From kim@tac.gw.fi  Tue Nov 10 08:39:52 2020
Return-Path: <kim@tac.gw.fi>
Received: from mail.netbsd.org (mail.netbsd.org [199.233.217.200])
	(using TLSv1.2 with cipher ECDHE-RSA-AES256-GCM-SHA384 (256/256 bits))
	(Client CN "mail.NetBSD.org", Issuer "mail.NetBSD.org CA" (not verified))
	by mollari.NetBSD.org (Postfix) with ESMTPS id A655A1A9246
	for <gnats-bugs@gnats.NetBSD.org>; Tue, 10 Nov 2020 08:39:52 +0000 (UTC)
Message-Id: <20201110083944.E8A1794179@rendez-vous.gw.fi>
Date: Tue, 10 Nov 2020 10:39:44 +0200 (EET)
From: kim@netbsd.org (Kimmo Suominen)
Reply-To:
To: gnats-bugs@NetBSD.org
Subject: Data transfers stall when SACK is enabled
X-Send-Pr-Version: 3.95

>Number:         55800
>Category:       kern
>Synopsis:       Data transfers stall when SACK is enabled
>Confidential:   no
>Severity:       critical
>Priority:       high
>Responsible:    kern-bug-people
>State:          open
>Class:          sw-bug
>Submitter-Id:   net
>Arrival-Date:   Tue Nov 10 08:40:00 +0000 2020
>Last-Modified:  Tue Nov 22 09:15:01 +0000 2022
>Originator:     kim@netbsd.org (Kimmo Suominen)
>Release:        NetBSD 9.99.75 (202011081900Z)
>Organization:
>Environment:
System: NetBSD rendez-vous.gw.fi 9.99.75 NetBSD 9.99.75 (GENERIC) #0: Sun Nov 8 18:27:14 UTC 2020 mkrepro@mkrepro.NetBSD.org:/usr/src/sys/arch/amd64/compile/GENERIC amd64
Architecture: x86_64
Machine: amd64
>Description:

	Transferring files using rsync over ssh stalls after about 1 GB
	of data transferred.  (Might not be connected with the amount of
	data, though.)  The connection is over IPv4.
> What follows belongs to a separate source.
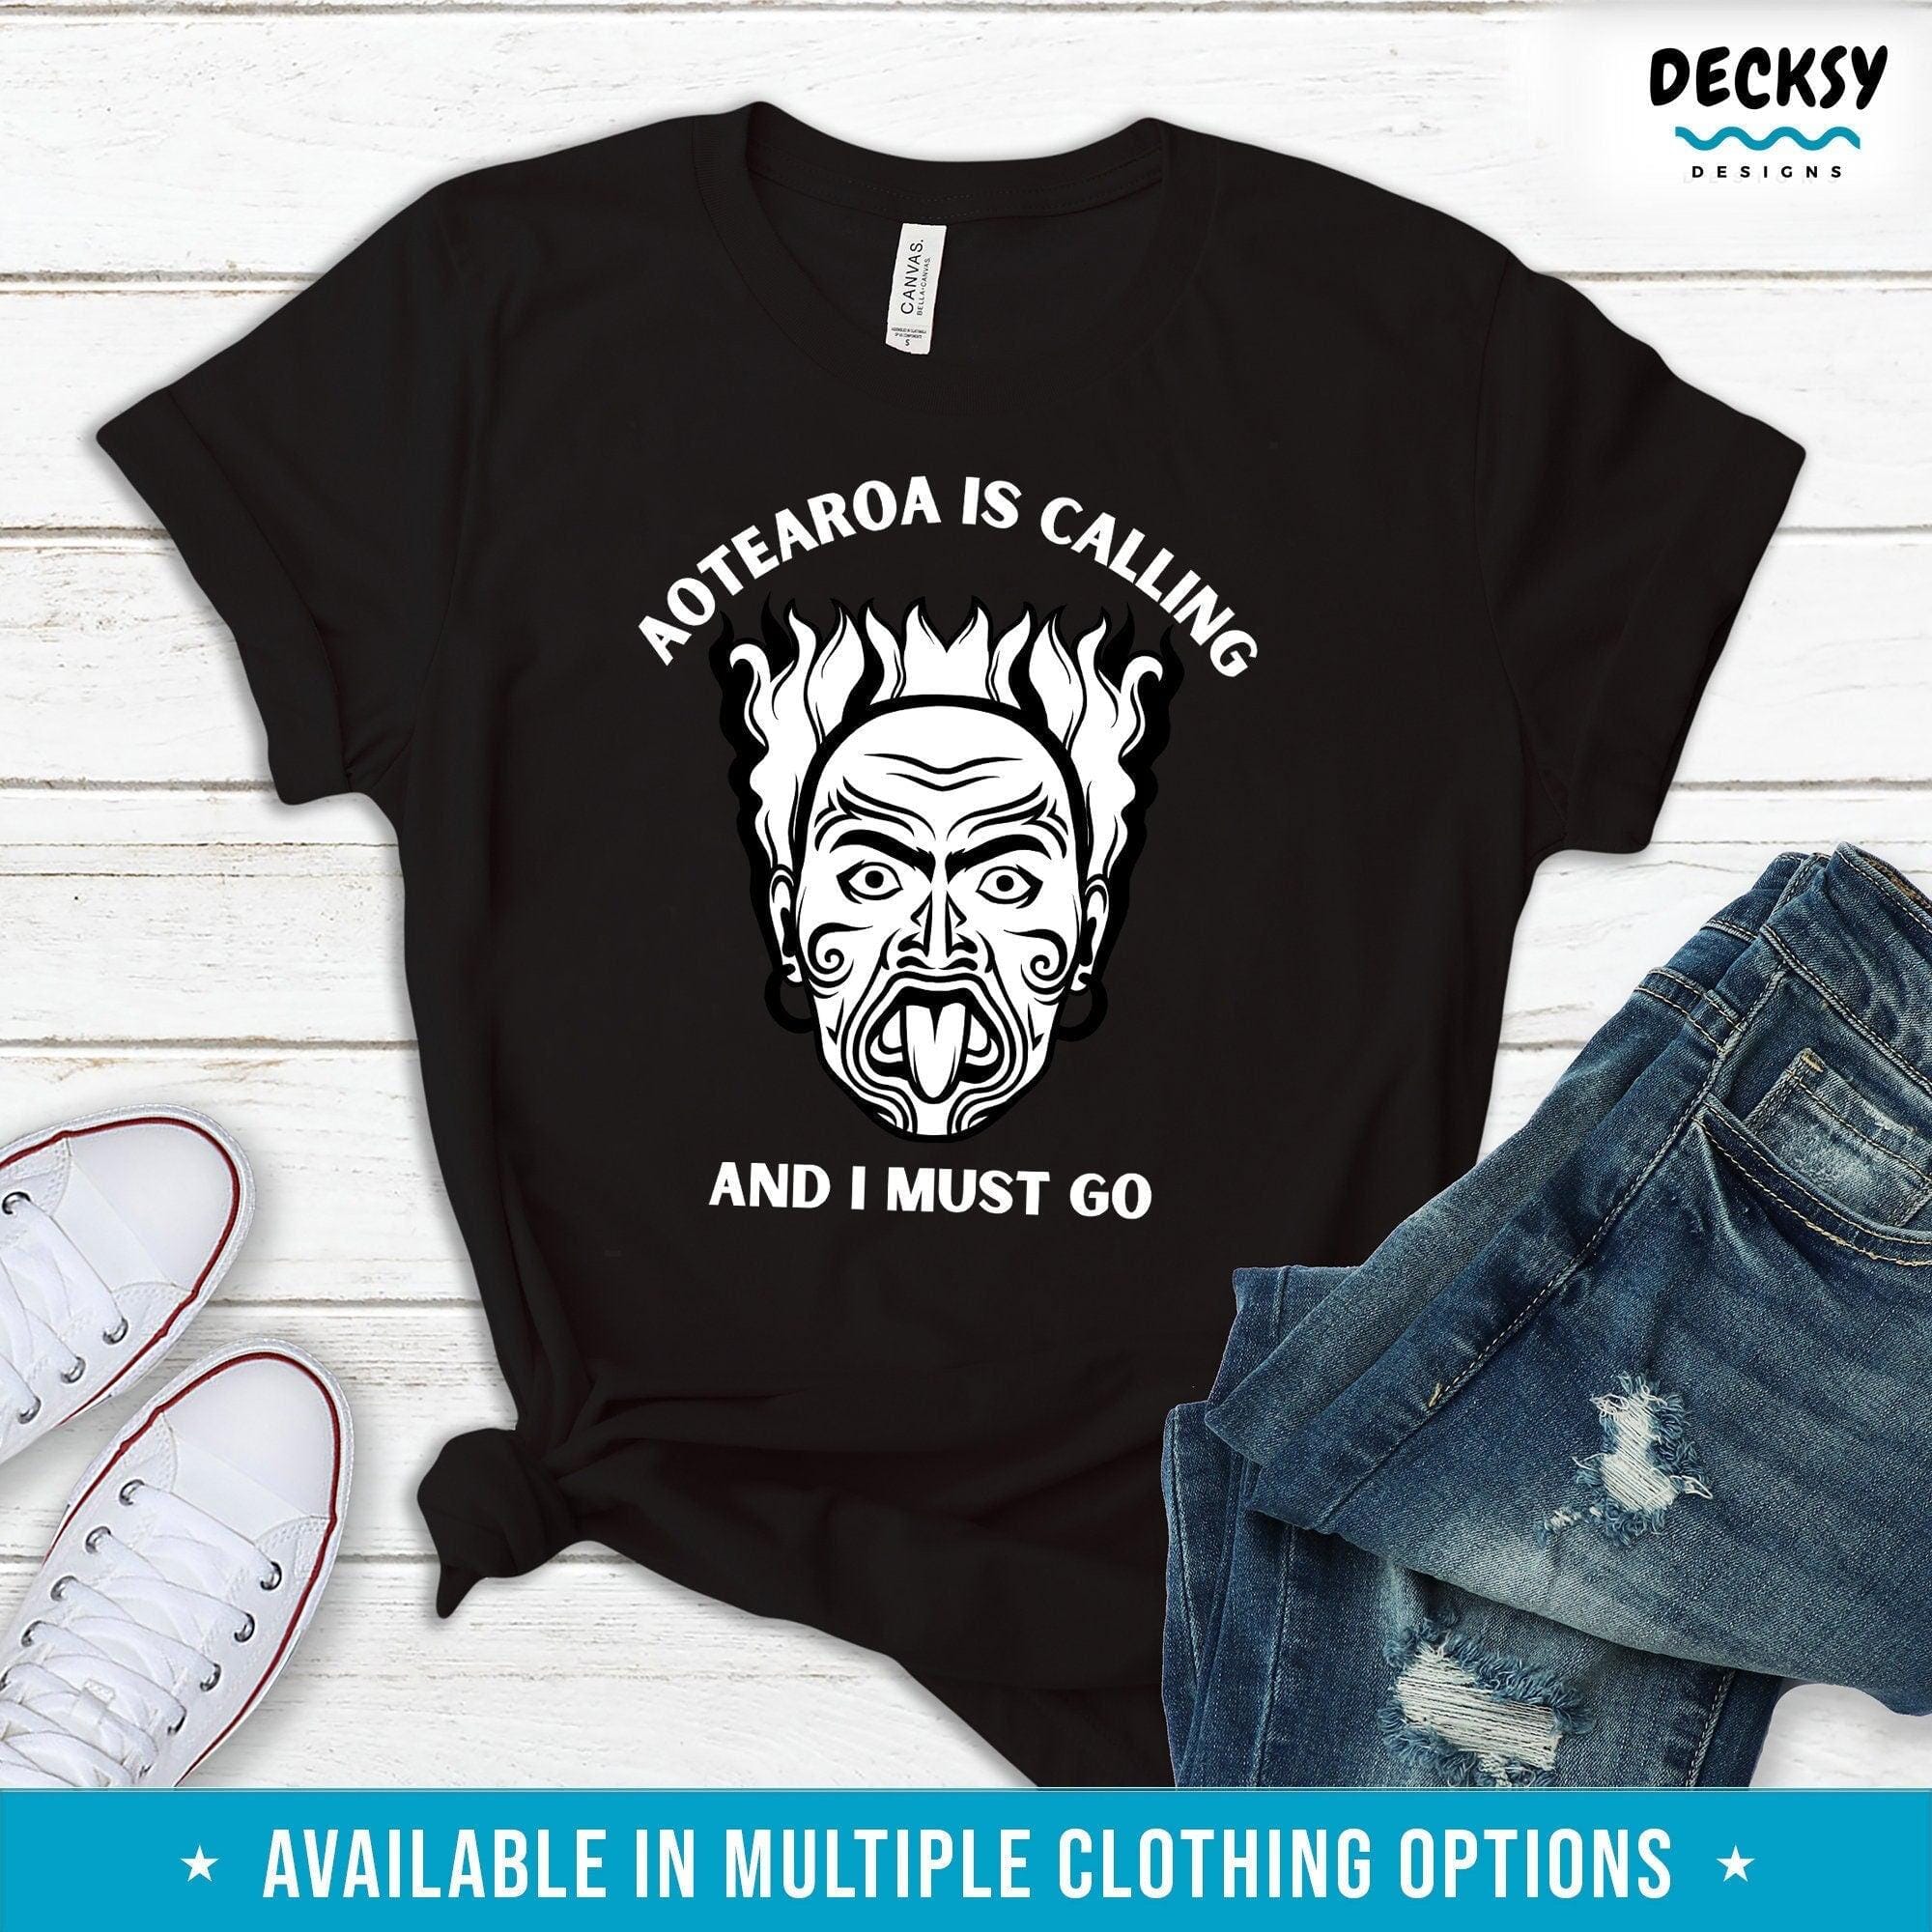 Aotearoa Is Calling And I Must Go T-shirt, New Zealand Friend Gift-Clothing:Gender-Neutral Adult Clothing:Tops & Tees:T-shirts:Graphic Tees-DecksyDesigns

	When the transfer stalls there is always some unresolved SACK.
	During the transfer I observed regular bouts of SACK throughout
	so not all occurrences of SACK result in a stall.

	In the stalled state it looks like ssh is not getting any data
	through (and therefore rsync is not receiving anything).  I have
	tcpdump output available here:

	    https://www.netbsd.org/~kim/NB-RSYNC-PROBLEM.txt

	The last transfer stalled at 1:27.  Then there are some packets
	exchanged at 2:27 and 3:27.  At 4:27 the connection is closed.
	This would appear to match the sshd_config settings I have:

	    TCPKeepAlive no
	    ClientAliveInterval 3600
	    ClientAliveCountMax 3

	The output on the terminal running rsync is as follows:

	    Timeout, server equinoxe not responding.
	    rsync: connection unexpectedly closed (949438584 bytes received so far) [receiver]
	    rsync error: error in rsync protocol data stream (code 12) at io.c(228) [receiver=3.2.3]
	    rsync: connection unexpectedly closed (14688411 bytes received so far) [generator]
	    rsync error: unexplained error (code 255) at io.c(228) [generator=3.2.3]
	    rsync: [generator] write error: Broken pipe (32)

	I'm guessing the first line is from ssh, although I have not
	verified that.

	The remote side is running the NetBSD 9.1 release:

	    NetBSD 9.1 (GENERIC) #0: Sun Oct 18 19:24:30 UTC 2020

	The local side is running the most recent -current snapshot:

	    NetBSD 9.99.75 (GENERIC) #0: Sun Nov 8 18:27:14 UTC 2020

	When I first noticed the issue I was running a slightly older
	-current (build ID derived from CVS checkout timestamp):

	    NetBSD 9.99.74 (GENERIC.202010172211Z~GW) #1: Sun Oct 18 02:20:50 EEST 2020

>How-To-Repeat:

	This is the command I ran:

	    rsync -aHSs --delete --exclude /branch/ --exclude /daily/ \
		--exclude /git/ --exclude /hg/ --exclude /releases/ \
		--exclude /work/ --exclude /www/ equinoxe:/p/netbsd/ \
		/p/netbsd/

	Possibly any data transfer with enough data will do.

>Fix:

	A successful workaround was to disable SACK on the local side:

	    sysctl -w net.inet.tcp.sack.enable=0

	This transfer was using IPv4, but I did also disable IPv6 SACK:

	    sysctl -w net.inet6.tcp6.sack.enable=0

>Audit-Trail:
From: Kimmo Suominen <kim@netbsd.org>
To: kern-bug-people@netbsd.org, gnats-admin@netbsd.org,
	netbsd-bugs@netbsd.org
Cc: 
Subject: Re: kern/55800: Data transfers stall when SACK is enabled
Date: Tue, 10 Nov 2020 17:01:32 +0200

 Sadly this also happens if both ends are running 9.1.  The transfer
 stalled after about 1 GB of data having been transferred.  After
 disabling SACK (on the local end) and restarting the transfer, it
 completed without any stalling (transferring another 9 GB of data).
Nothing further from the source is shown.